# Data below
>>>
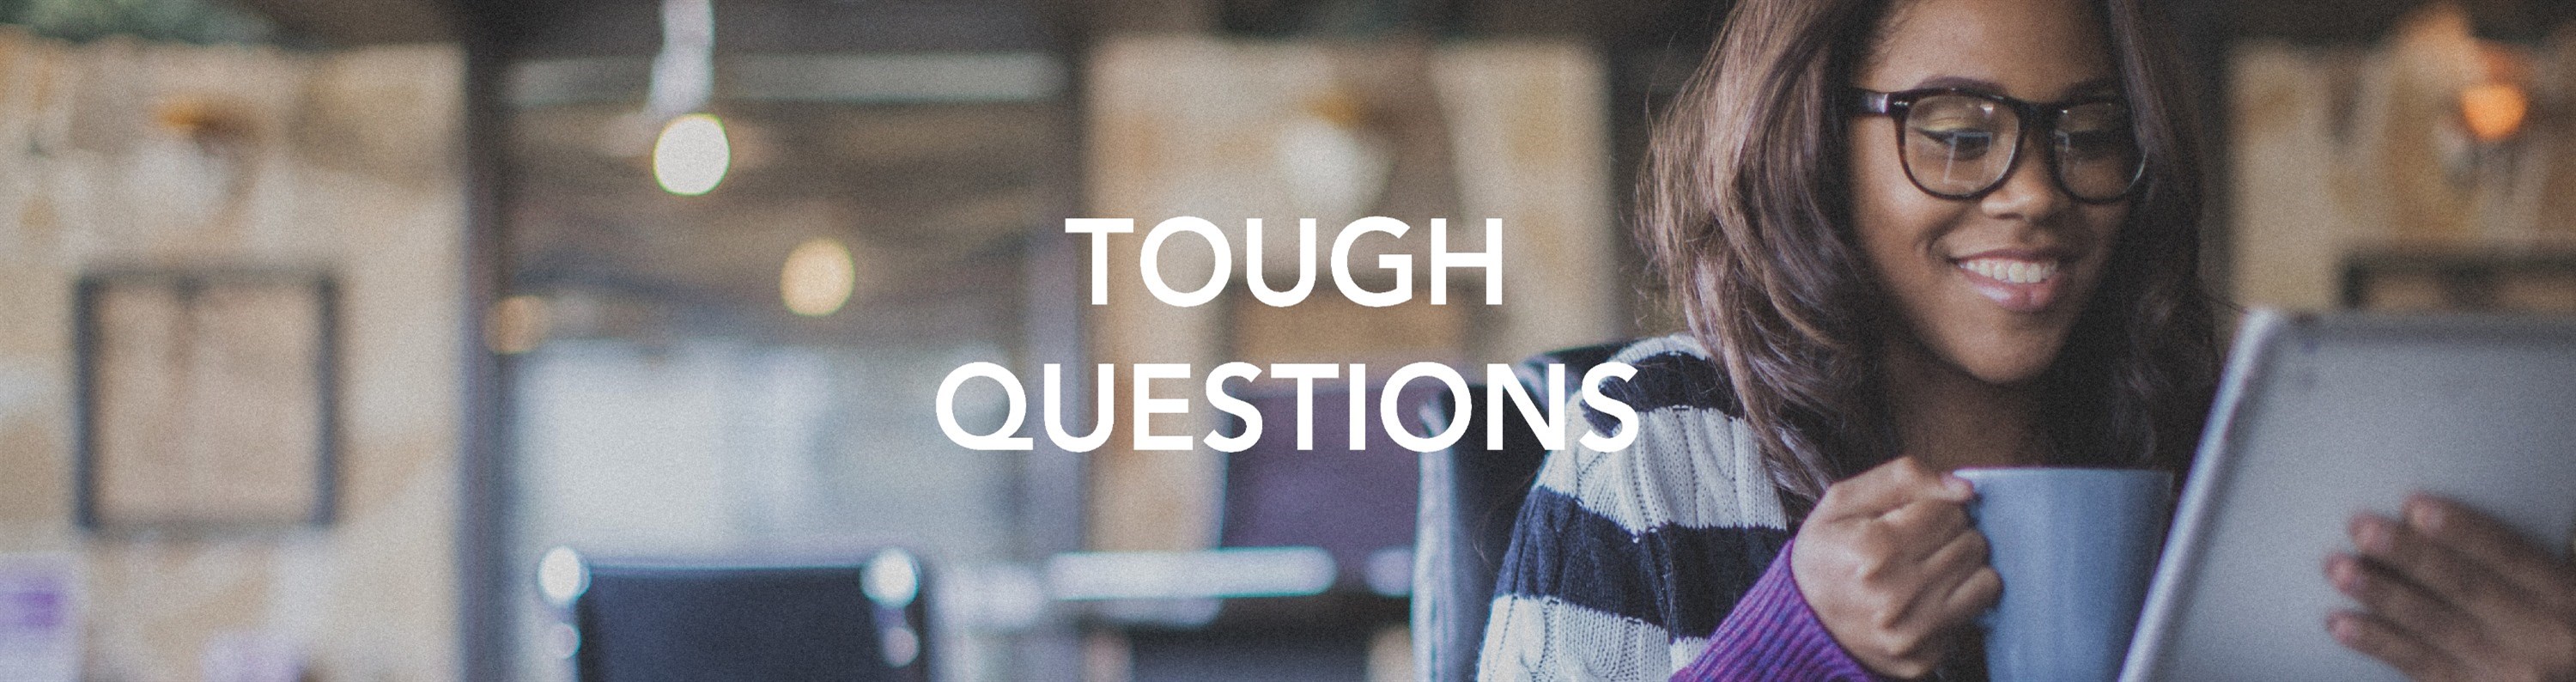 banner-tough-questions
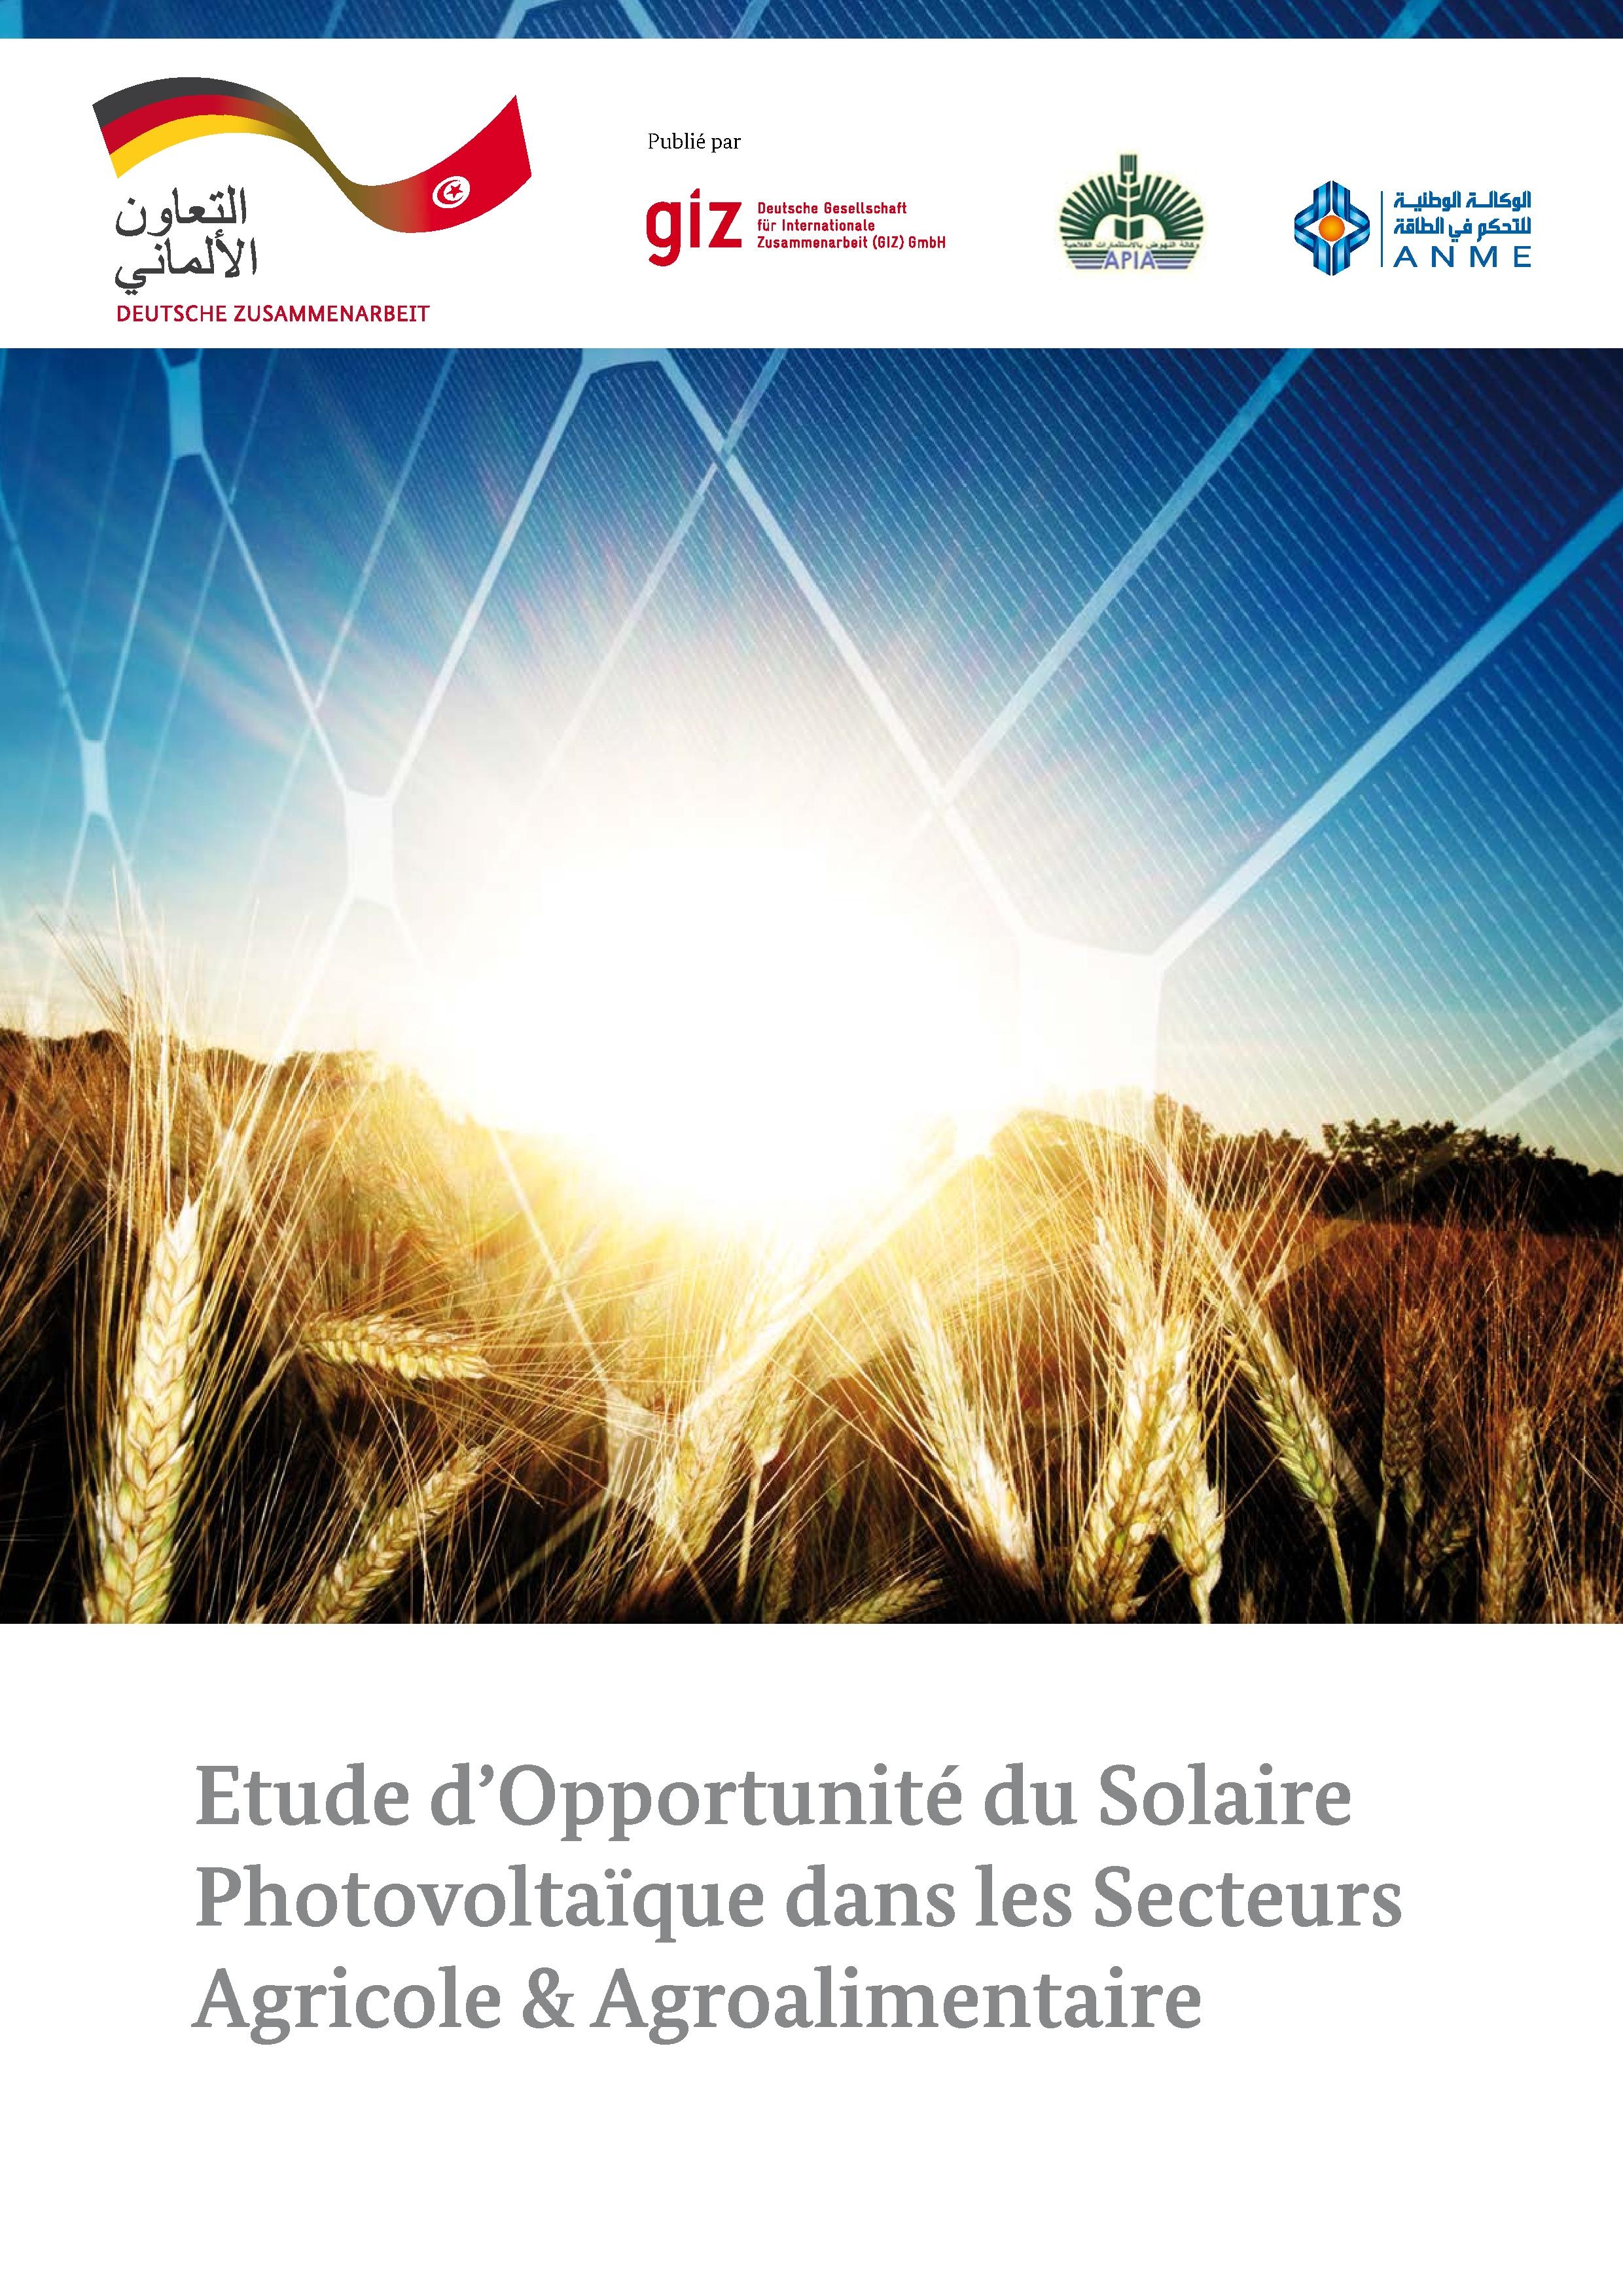 Etude d’Opportunité du Solaire Photovoltaïque dans les Secteurs Agricole & Agroalimentaire
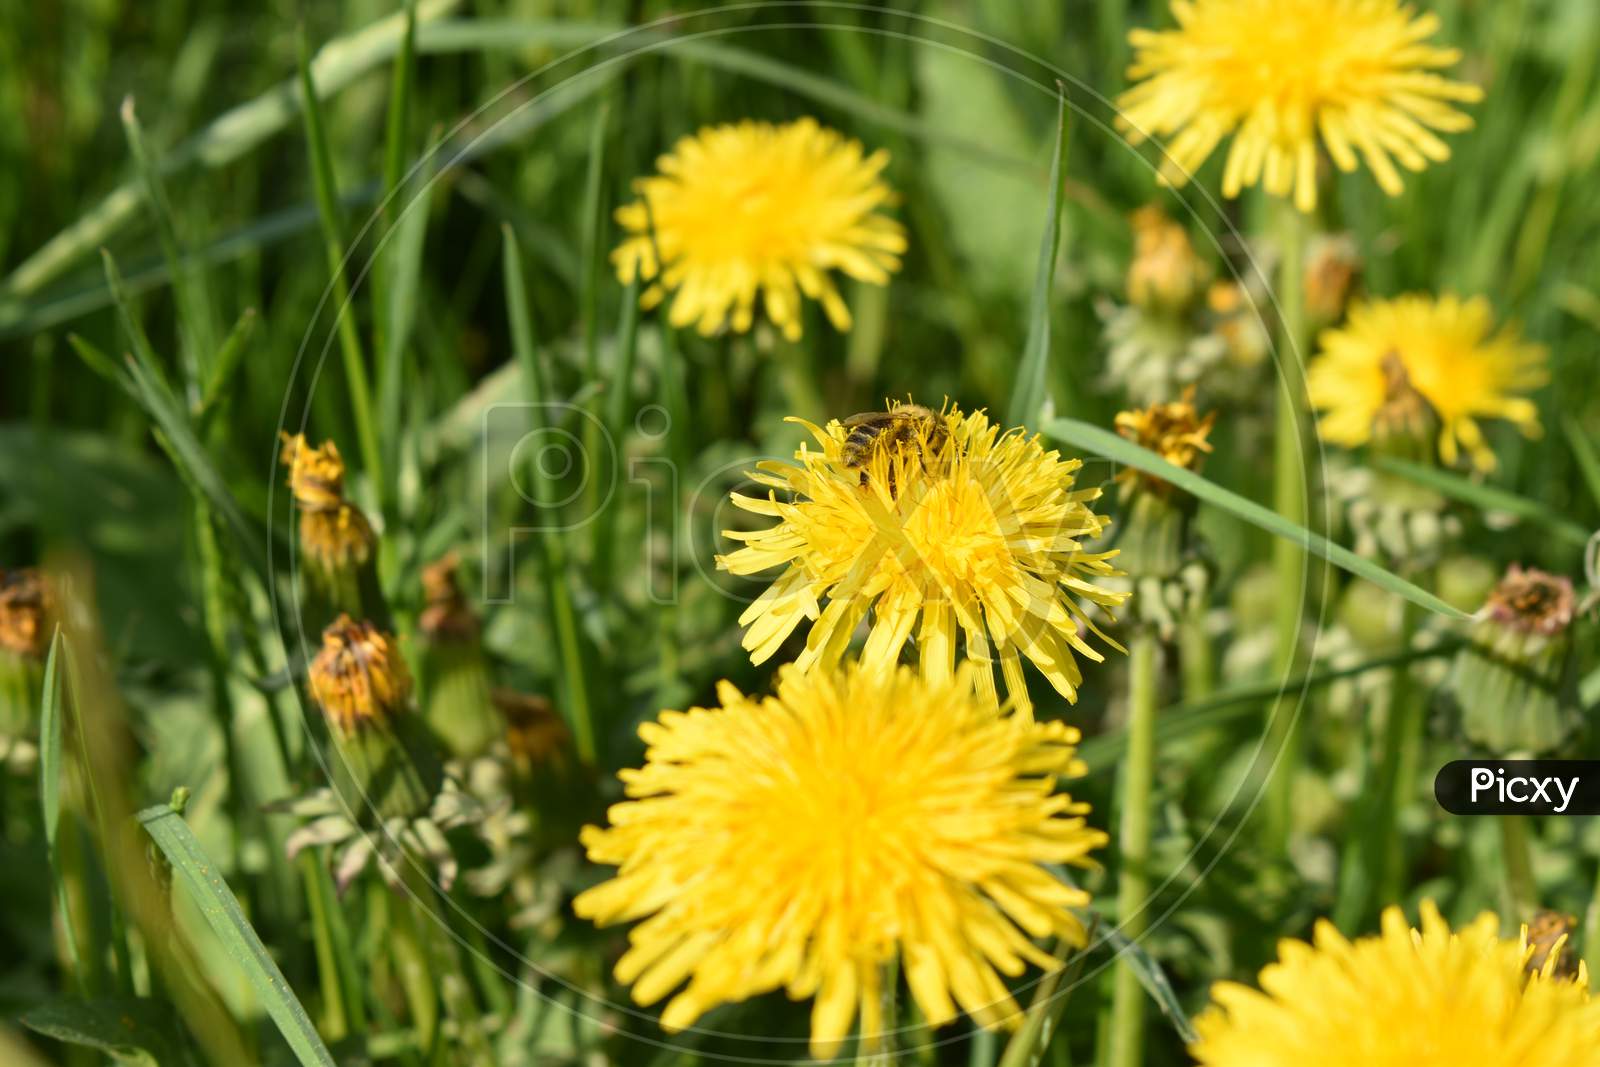 Yellow dandelion in a green field
<<<
Give back the whole listing exactly as it stands. No pictures belong in the copy.

 banner-tough-questions
 Etude d’Opportunité du Solaire Photovoltaïque dans les Secteurs Agricole & Agroalimentaire
 Yellow dandelion in a green field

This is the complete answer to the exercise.